Programming assignments will be graded according to a general rubric. Specifically, we will assign points for completeness, correctness, design, and style. (For more details on the categories, see our Assignment Rubric page.)

The exact weights for each category will vary from one assignment to another. For this assignment, the weights will be:

  • Completeness: 60%

  • Correctness: 20%

  • Design & Style: 7%

  • Performance: 13%

Obtaining your test score

The completeness part of your score will be determined using automated tests. To get your score for the automated tests, simply run the following from the Terminal. (Remember to leave out the $ prompt when you type the command.)

$ cd grader
$ go run proj1/grader proj1

This should print total score after running all test cases inside the individual problems. This printout will not show the tests you failed. You must run the problem’s individual test file to see the failures.
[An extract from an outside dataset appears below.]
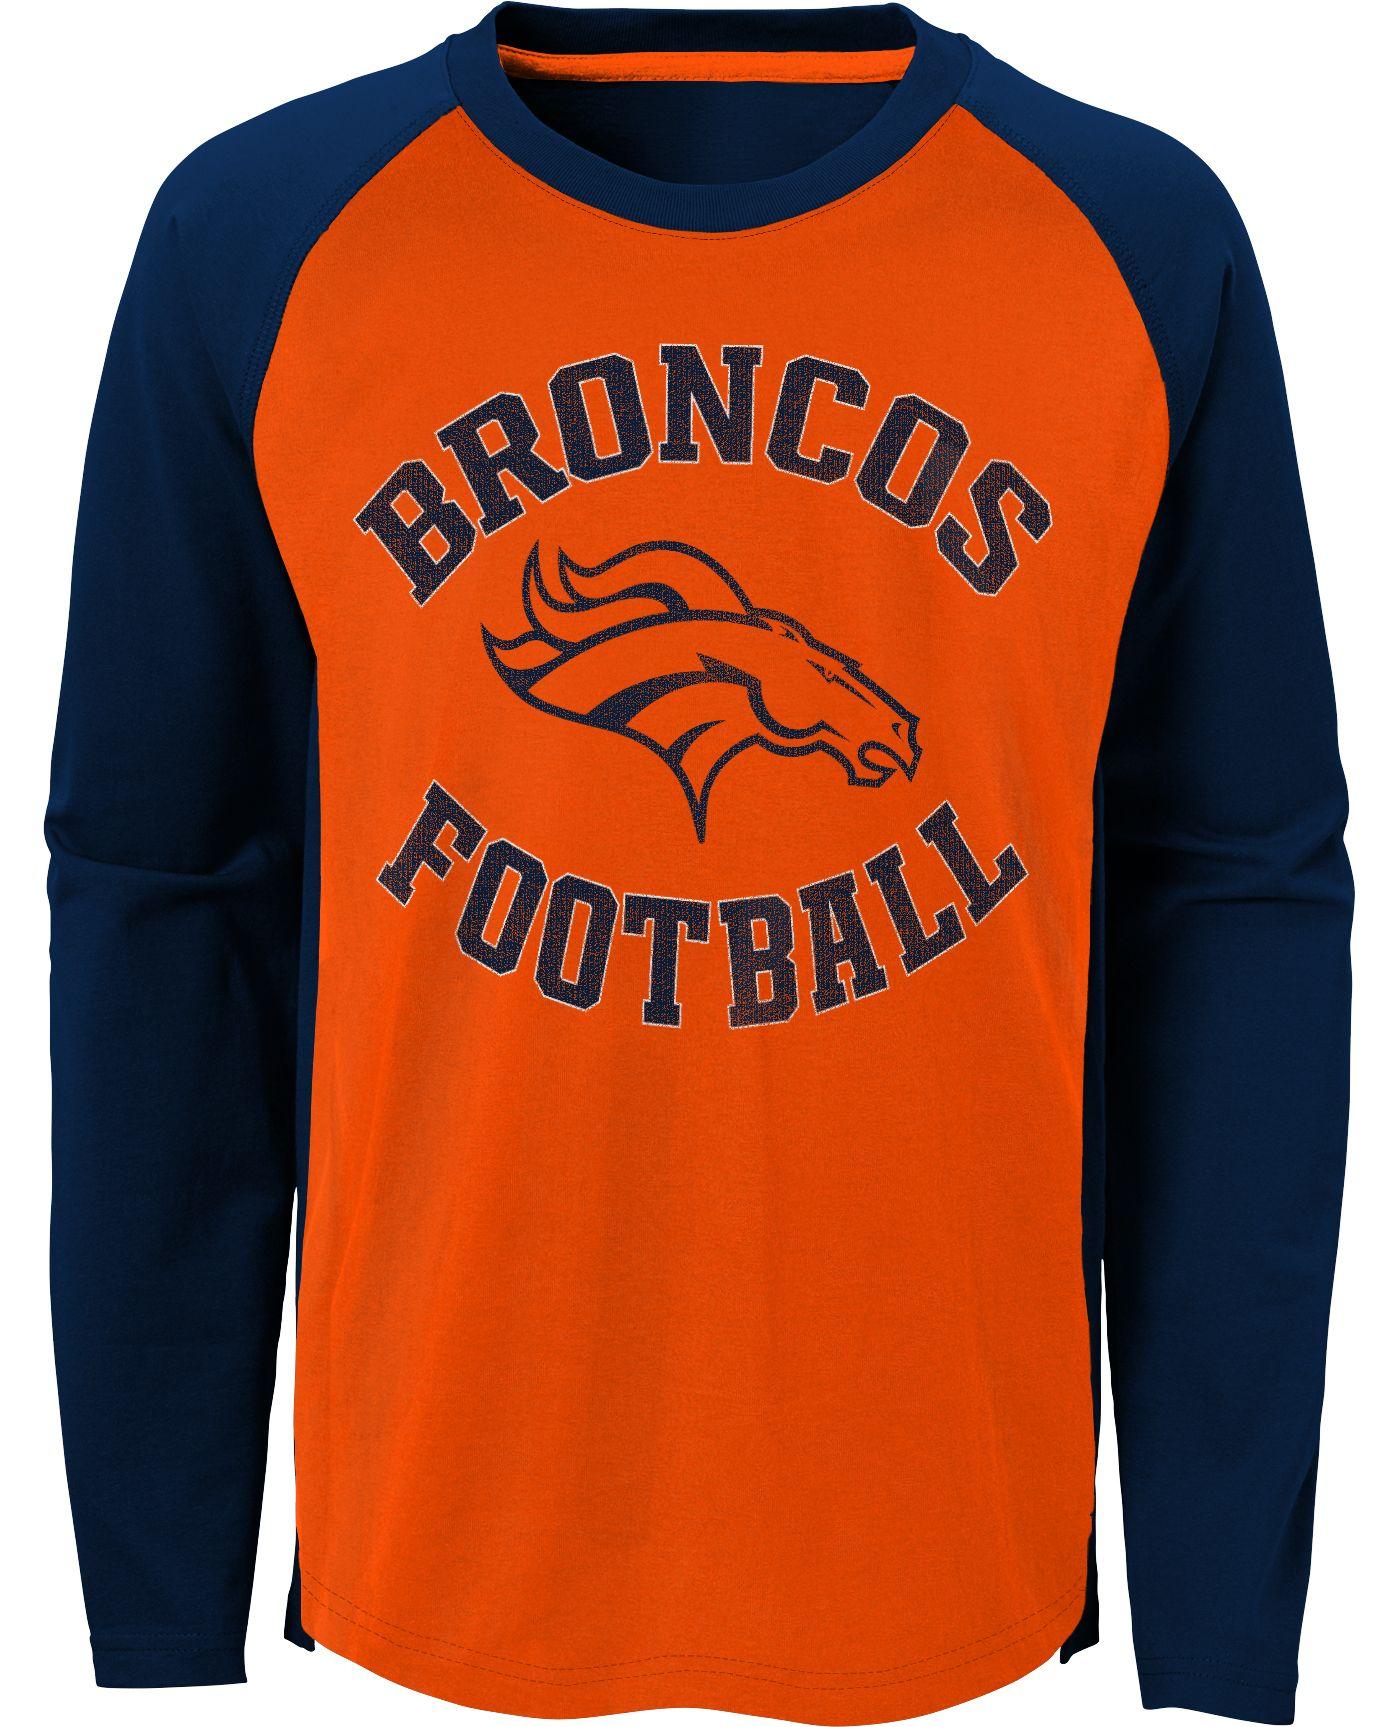 NFL Team Apparel Youth Denver Broncos Air Raid Long Sleeve Orange Shirt

Your actual completeness score will come from running the grader on the CS Peanut cluster manually by the graders. We have provided a slurm script inside grader/grader-slurm.sh. Follow the steps 1-4 from Part 5: Benchmarking Performance and then run:

sbatch grader-slurm.sh

For this assignment, there will be no autograder on Gradescope. We will run the grader on the CS Peanut cluster and will manually enter in the score into Gradescope. However, you must still submit your final commit to Gradescope.

There is maximum timeout limit of 10 minutes for each test. No credit is given to that specific test if it exceeds that limit. SLURM has a maximum job time for 10 minutes; therefore, you may have to run them on a test by test basis if your go run proj1/grader proj1 takes in total more than 10 minutes. However, you will still get full points as long as each single test run is below 10 minutes, regardless of how long it takes in total.
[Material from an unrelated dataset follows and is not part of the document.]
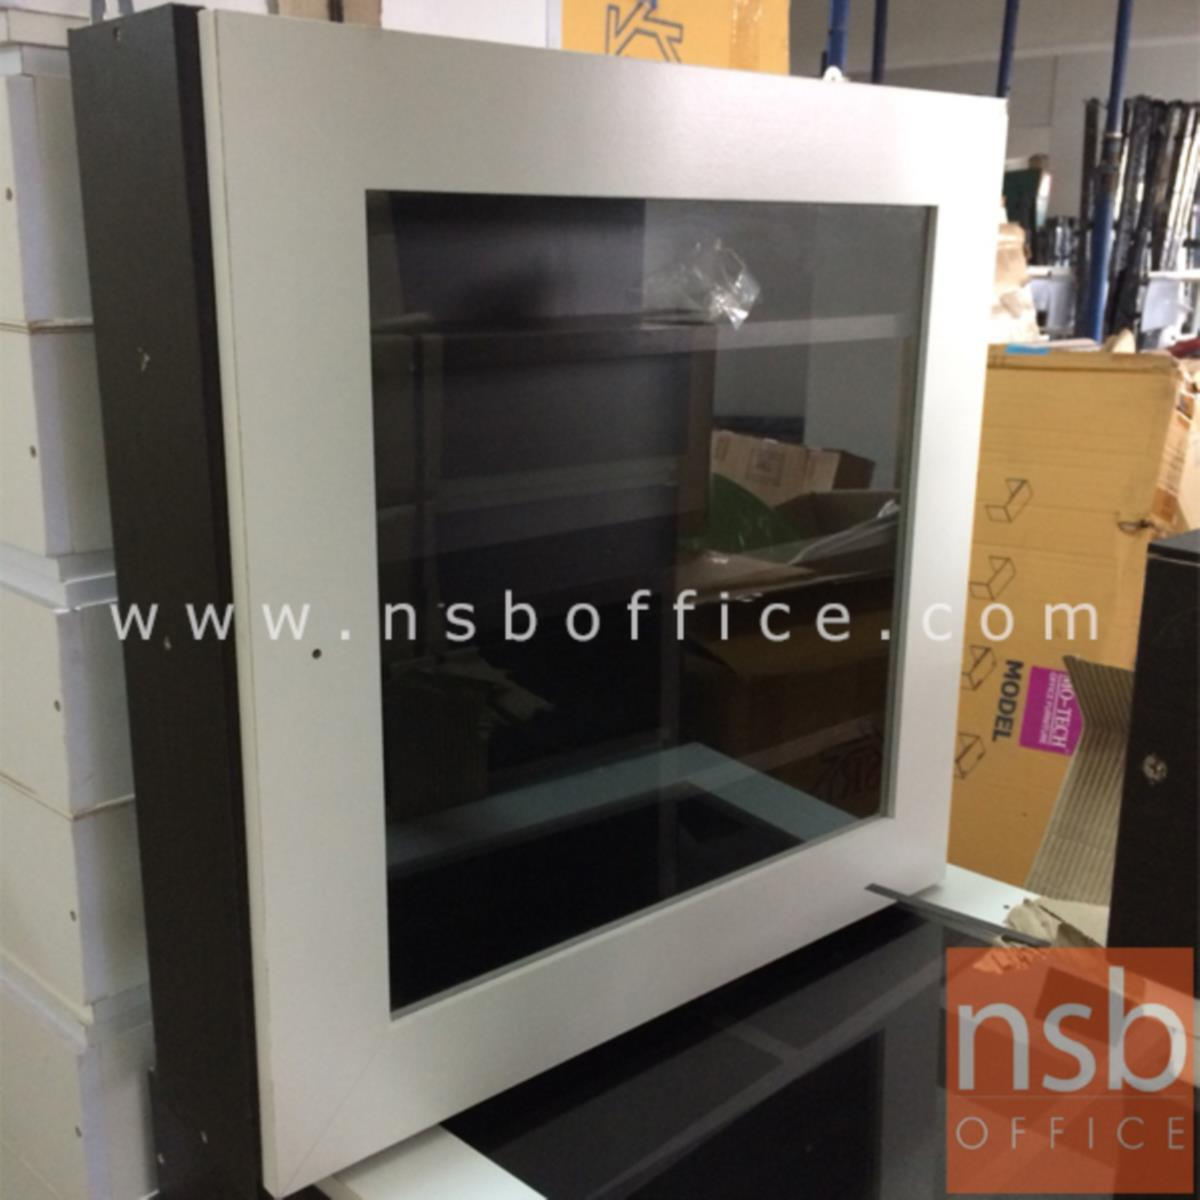 L10A242:ตู้ยาสามัญประจำบ้าน บานเปิดกระจก  หน้าบานสีขาว-โอ๊ค

Design, Style and Cleaning up

Before you submit your final solution, you should, remove

  • any Printf statements that you added for debugging purposes and

  • all in-line comments of the form: “YOUR CODE HERE” and “TODO …”

  • Think about your function decomposition. No code duplication. This homework assignment is relatively small so this shouldn’t be a major problem but could be in certain problems.

Go does not have a strict style guide. However, use your best judgment from prior programming experience about style. Did you use good variable names? Do you have any lines that are too long, etc.

As you clean up, you should periodically save your file and run your code through the tests to make sure that you have not broken it in the process.

Submission

Before submitting, make sure you’ve added, committed, and pushed all your code to GitHub. You must submit your final work through Gradescope (linked from our Canvas site) in the “Project #1” assignment page via two ways,

  1. Uploading from Github directly (recommended way): You can link your Github account to your Gradescope account and upload the correct repository based on the homework assignment. When you submit your homework, a pop window will appear. Click on “Github” and then “Connect to Github” to connect your Github account to Gradescope. Once you connect (you will only need to do this once), then you can select the repsotiory you wish to upload and the branch (which should always be “main” or “master”) for this course.

  2. Uploading via a Zip file: You can also upload a zip file of the homework directory. Please make sure you upload the entire directory and keep the initial structure the same as the starter code; otherwise, you run the risk of not passing the automated tests.

As a reminder, for this assignment, there will be no autograder on Gradescope. We will run the grader on the CS Peanut cluster and will manually enter in the score into Gradescope. However, you must still submit your final commit to Gradescope.